In the Matter of the Arbitration Between Erin Ann Daly, Claimant, v. Citigroup Global Markets, Inc, Citigroup Inc., and Citibank, N.A, Respondents (FINRA Arbitration Award 21-00912)
https://www.finra.org/sites/default/files/aao_documents/21-00912.pdf
In her FINRA Arbitration Statement of Claim, Daly sought a:
declaratory judgement declaring
that the acts complained of violate the rights of the Claimant as guaranteed under the applicable
Federal Law; granting equitable relief directing Respondents to cease and desist from exposing
Claimant to discrimination and retaliation, including full expungement of Claimant's Form U5;
directing Respondent to reimburse Claimant for any and all earnings, including bonus payments,
back pay, double back pay, contractual damages, and pension benefits; compensatory
damages for mental anguish, loss of dignity, humiliation, and injury to livelihood in an amount
that is fair, just, and reasonable, to be determined at the hearing, including reasonable
attorneys' fees, as provided under applicable law; double back pay for intentional retaliation of
Claimant; front pay; contract damages; punitive damages; pre-judgement interest, costs, and
attorneys' fees; and such and other relief as the Panel may deem just and proper.
Respondents generally denied the allegations and asserted affirmative defenses.
Citigroup's Motion to Dismiss
Claimant Daly's claims for Title VII retaliation, Dodd-Frank whistleblower protection, and prospective employment relationship torts did not proceed to an evidentiary hearing:
[O]n April 7, 2022, Respondents filed Motions to Dismiss citing FINRA Code of Arbitration Procedure for Industry Disputes Rule 13511: Discovery Sanctions and Rule 13212: Sanctions. As explained in the FINRA Award:
On April 20, 2022, the Panel partially granted Respondents' Motion to Dismiss and
dismissed Claimant's claims regarding retaliation under Title VII of the Civil Rights Act of 1964;
violation of whistleblower protection under Dodd-Frank; and blacklisting/ tortious intereference [sic] with a prospective employment relationship. Accordingly, the hearings proceeded with respect
to the remaining claims.
During the evidentiary hearing on May 3, 2022, the Panel imposed a $200.00 sanction against
Claimant, and in favor of Respondents, because after all discovery had been completed,
Claimant sought to introduce additional documents into evidence that she failed to timely turn
over to Respondent which required the Panel to conduct an in camera inspection resulting in an
unnecessary executive session to resolve.
Award
The FINRA Arbitration Panel found Respondents jointly/severally liable to and ordered them to pay to Claimant Daly $1,400,845.08 in compensatory damages for, in part, various federal and New York State Civil Rights and plus interest Human Rights laws. Additionally the Panel ordered Respondents to pay to Claimant $42,000 in attorneys' fee pursuant to New York State Human Rights Law.
Bill Singer's Comment
Three FINRA Public Arbitrators were so troubled by the Respondents' conduct that they awarded to Claimant Daly over $1.4 million in damages and attorney's fees. Just in case you may wonder as to the exact nature of the Respondents' transgressions, here is what the FINRA Arbitrators cited as the basis for their award of damages:
pursuant to the Panel's findings that
Respondents violated the following statutes and rules: Discrimination-Title VII of the Civil
Rights Act of 1964 and New York State Human Rights Law, Executive Law 290 et seq.;
Harassment and Hostile Work Environment-New York State Human Rights Law, Executive
Law 290 et seq, New York City Administrative Code, Section 807; Citi's Code of Conduct;
Retaliation-New York State Human Rights Law, Executive Law 290 et seq.; and New York
State Labor Law, Section 215.
Where the hell is the FINRA Arbitration Panel's referral to FINRA's regulatory arm?

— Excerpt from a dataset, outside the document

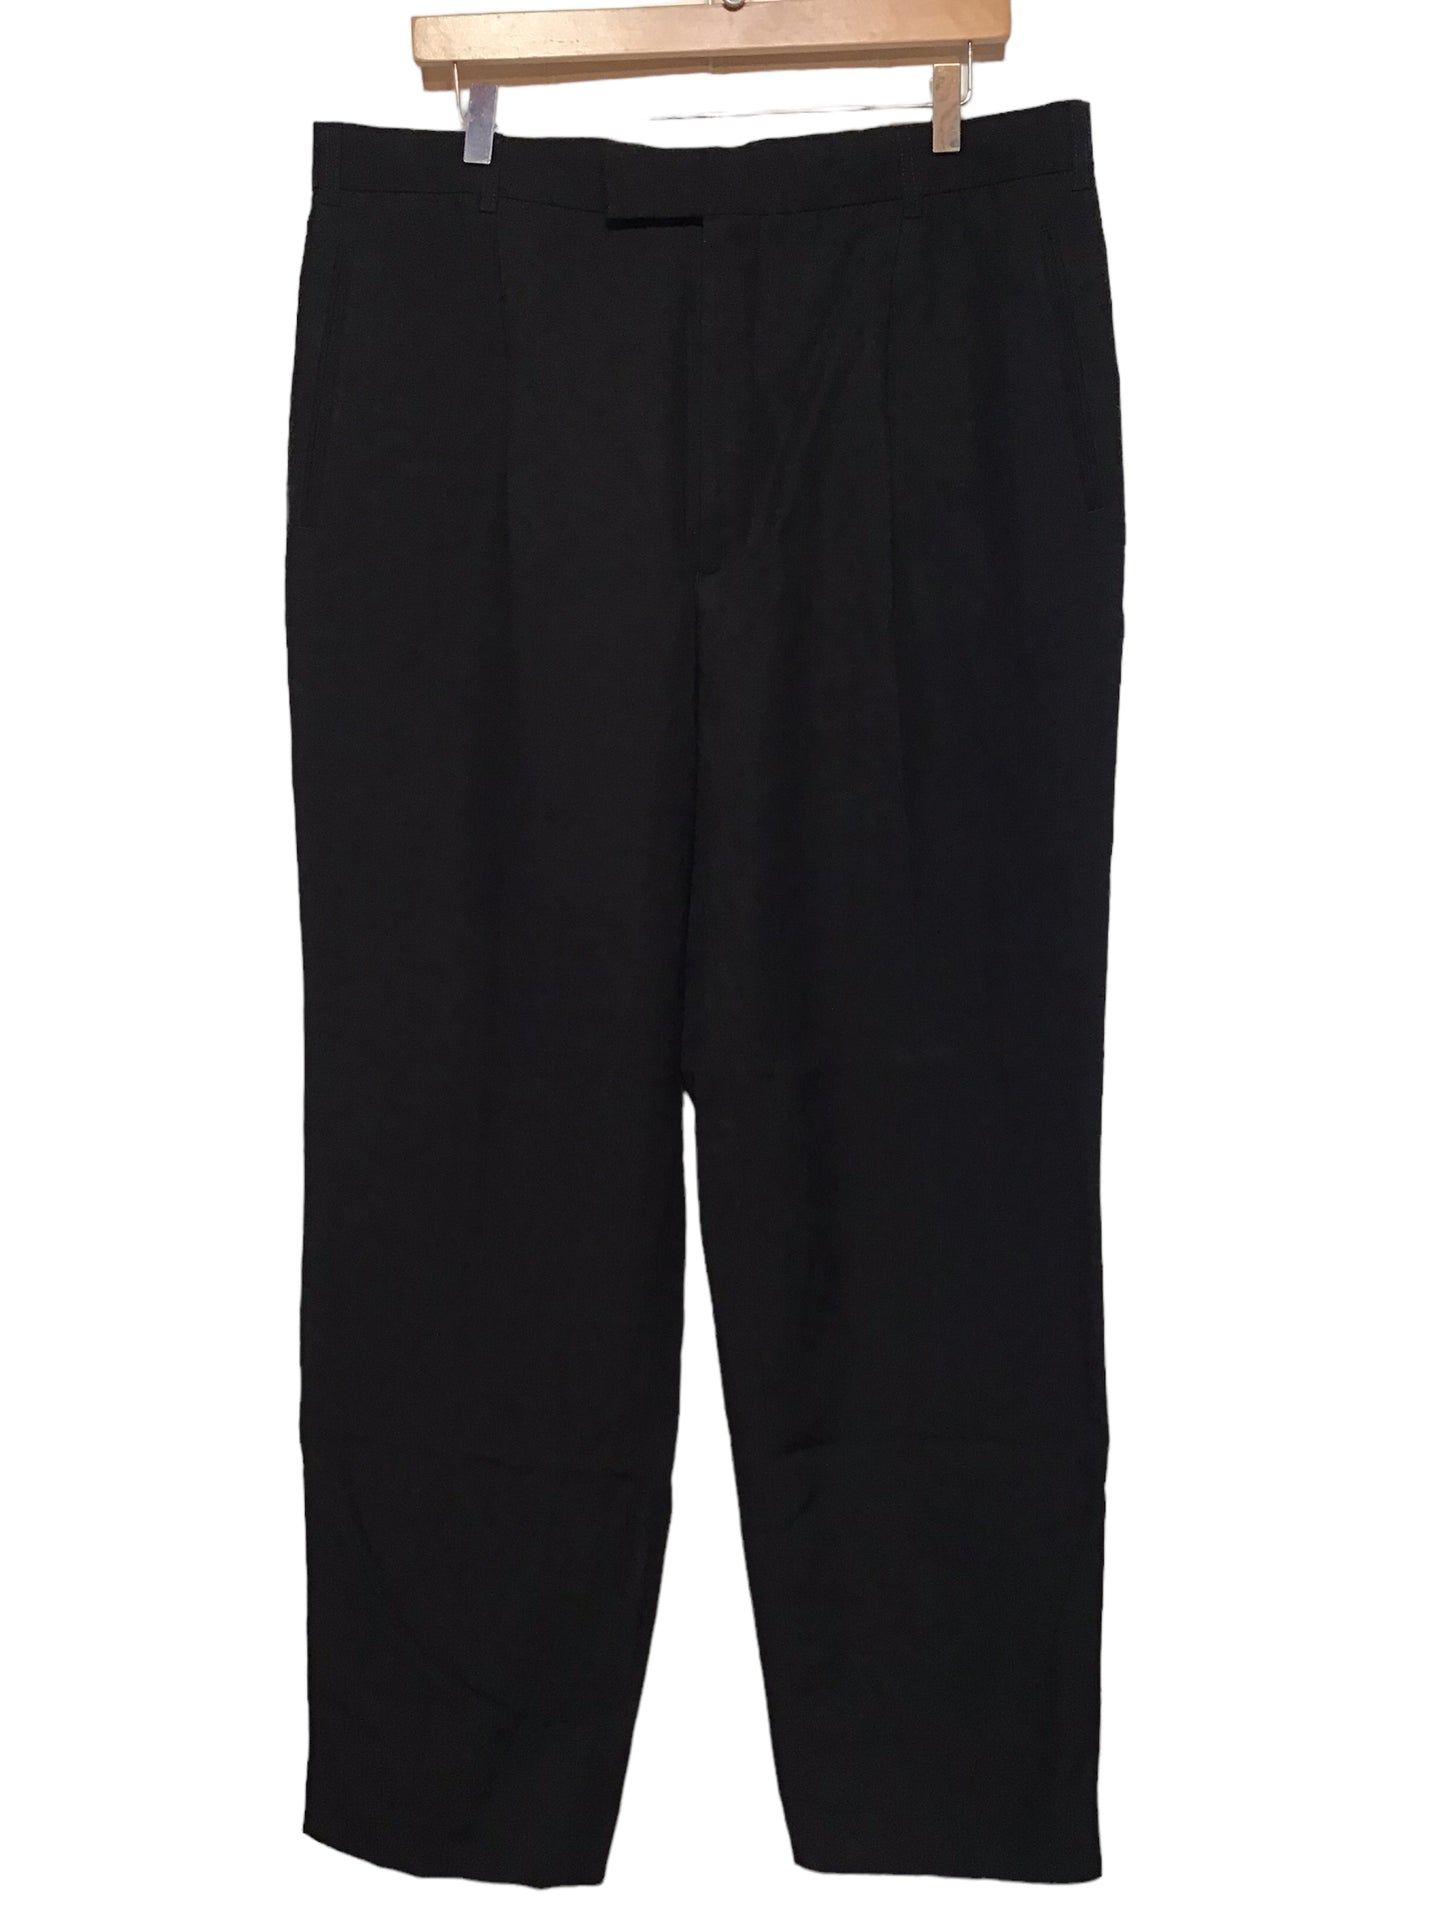 Men’s Suit Trousers (Size XXL)

(e) At the conclusion of an arbitration, any arbitrator may refer to FINRA for investigation any matter or conduct that has come to the arbitrator's attention during and in connection with the arbitration, either from the record of the proceeding or from material or communications related to the arbitration, which the arbitrator has reason to believe may constitute a violation of the rules of FINRA, the federal securities laws, or other applicable rules or laws.
By way of a brief refresher course for the FINRA Arbitrators, FINRA Dispute Resolution Services, and FINRA:
FINRA Rule 2010. Standards of Commercial Honor and Principles of Trade
A member, in the conduct of its business, shall observe high standards of commercial honor and just and equitable principles of trade.
Why is there no Rule 13104 referral to FINRA for investigation if three arbitrators found that Respondent Citigroup had engaged in $1.4 million worth of compensable damages?
Do the arbitrators think that $1.4 million worth of civil and human rights violations by a FINRA member firm somehow doesn't quite tick off the box about a member's failure to observe "high standards of commercial honor?"
Do the arbitrators think that Citigroup's misconduct didn't quite rise to the level of being inconsistent with "just and equitable principles of trade?"
For those of you who would like to play along at home: Do some online research and cite the regulatory cases brought by FINRA against any of its Large Member Firms (or any firm, for the matter) involving findings of harassment and/or discrimination. Knock yourself out. Look for charges involving sexism, racism, ageism -- you name it, you find it. Don't get too frustrated by the lack of search findings. It's not you. It's not Google. It's FINRA.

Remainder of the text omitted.